Depending on the sun, the pleats, and angle of view, the fabric appeared any of a spectrum of colors from a washed yellow to a deeper orange. Notice that on the different images and also on different gates in the same image. Of the 7,503 gates, we must have walked under, or along 3000 of them – at least. What a fantastic and festive way to spend a day. For the first time, walking through Times Square seemed so dull, I did not even bother pulling out my cameras.





Everything in this diary, including photographs, is protected by copyright, (© 2005 Arun Shanbhag)

Caution – Technical Camera/lens Comments: First outing with the brand new Nikon D70 mounted with my older 50mm f/1.8 lens. The 50mm is one of my favorite lens and my camera eye knows what to expect. What a shock to use it with the D70. Film cameras have an image size of 36×24 mm. The sensor on the digital SLR is about 33% smaller at 23.7 x 15.6 mm. Thus the same focal length and distance, yields a smaller (cropped) image, resulting in a 1.5 x magnification. Thus a 50mm lens acts like a 75mm lens. While I had known this before I bought the camera, what a shock to actually see it in the field.

This would be excellent for folks who like 'high zoom;' a 300 mm lens will now act like a 450mm lens, WoW!. But for wide-angle shooters like me, there is a penalty. My general purpose 50mm acts more like a portrait lens of 75 mm. Thus you will notice that my images above appear closely cropped. And I had to move further back to capture the field. With the twisting paths, most times, I could not move back. Thus the mild disappointment.

I do have a superb 24 mm wide angle lens which was mounted on my all manual Nikon FM3 film camera. I am yet to get those slides developed. The 24 mm lens on the D70, will yield a pretty good 36 mm. But I may have to buy a 35mm lens to yield the near 50mm on the D70. Or perhaps Nikon's 18-70mm lens yielding a respectable 27-105mm. Any suggestions?

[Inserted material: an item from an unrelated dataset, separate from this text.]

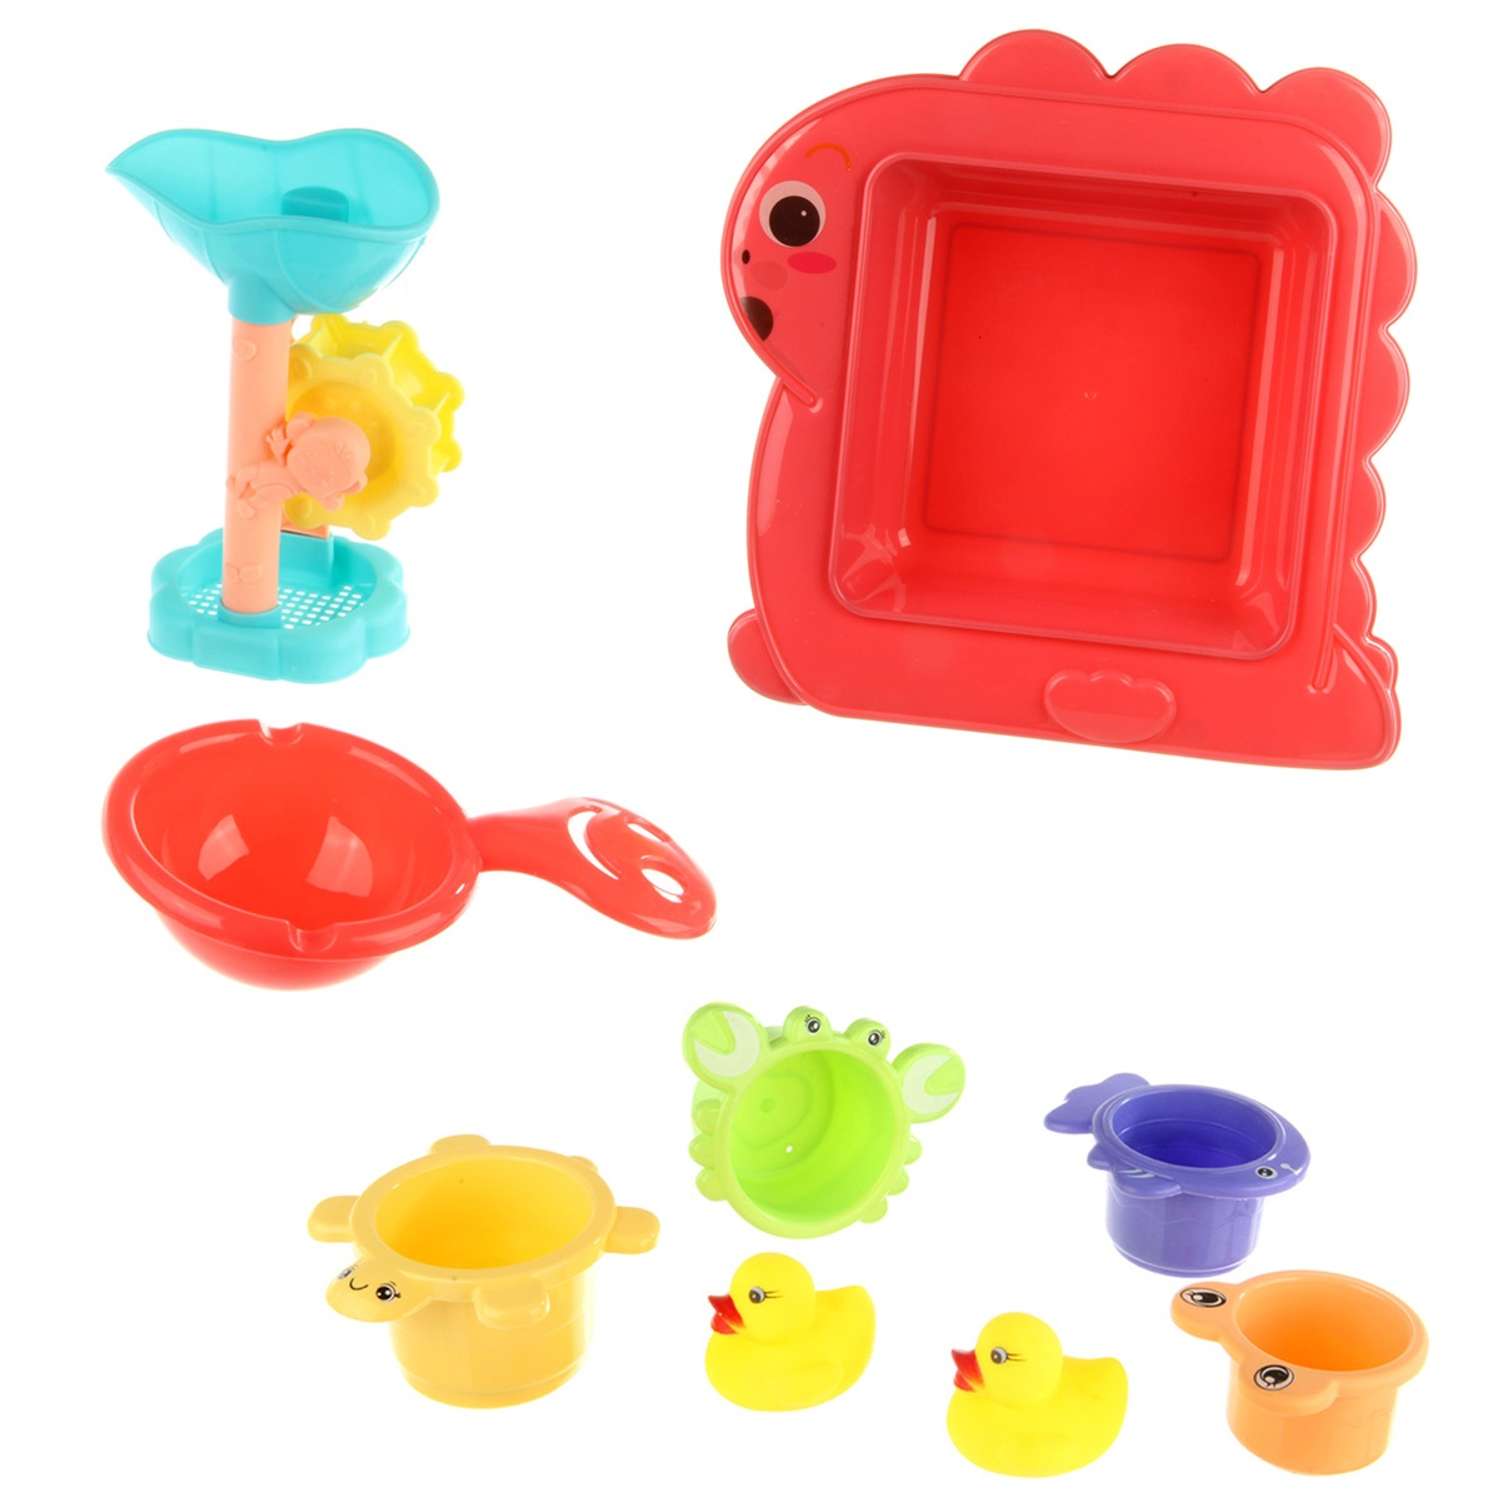 Игрушки для купания Ути Пути мельница и 7 предметов на подносе - фото 1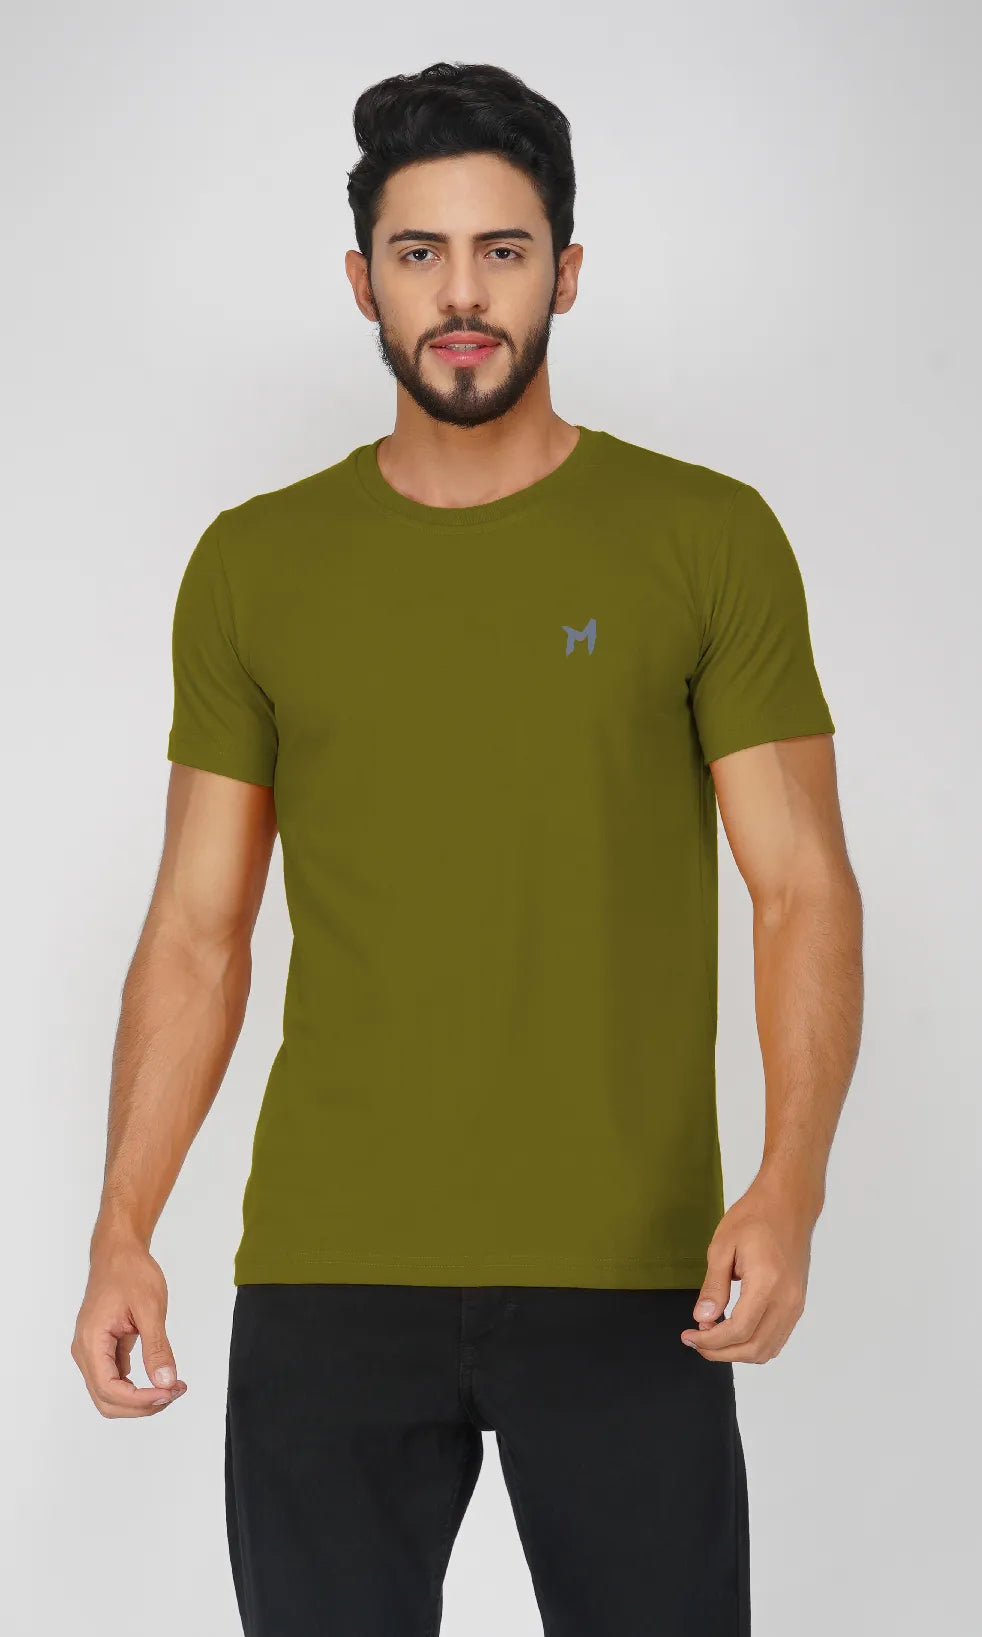 Mebadass Cotton Mens Basic Solid Halfsleeves T-shirts - Olive Green

Note, other than this 'relearning,' the camera and lens performed flawlessly and are highly recommended.

O, see this pic of The Gates from space

Comments

  1. Thanks Jai –
    I have since purchased a 17-55mm f/2.8 for my D70 and it is superb! Yeah, the crop factor is a bummer, but I think those are here to stay! there are several 10mm (!) lenses made specifically for digital.
    Oh yes, I dream of a 50/1.2! Would be great for portraits!
    Toys, toys and more toys
    :-))

  2. i use a 18mm f3.5 on my canon which is a decent 27 – i agree this crop factor is a mild shock when you move from film. i had all but forgotten till you reminded me here 🙂

    at some point in the future i will make a decision on a full frame 1x crop camera. in the meantime i will dream of a f1.2 or f1.4 at a wideangle. i think that is the biggest penalty with the crop factor – the lower focal lengths are more expensive at a wider aperture. will stop my rant now 🙂

    great pix of the exhibit. used to live in ny but moved out 7 years ago – missed central park.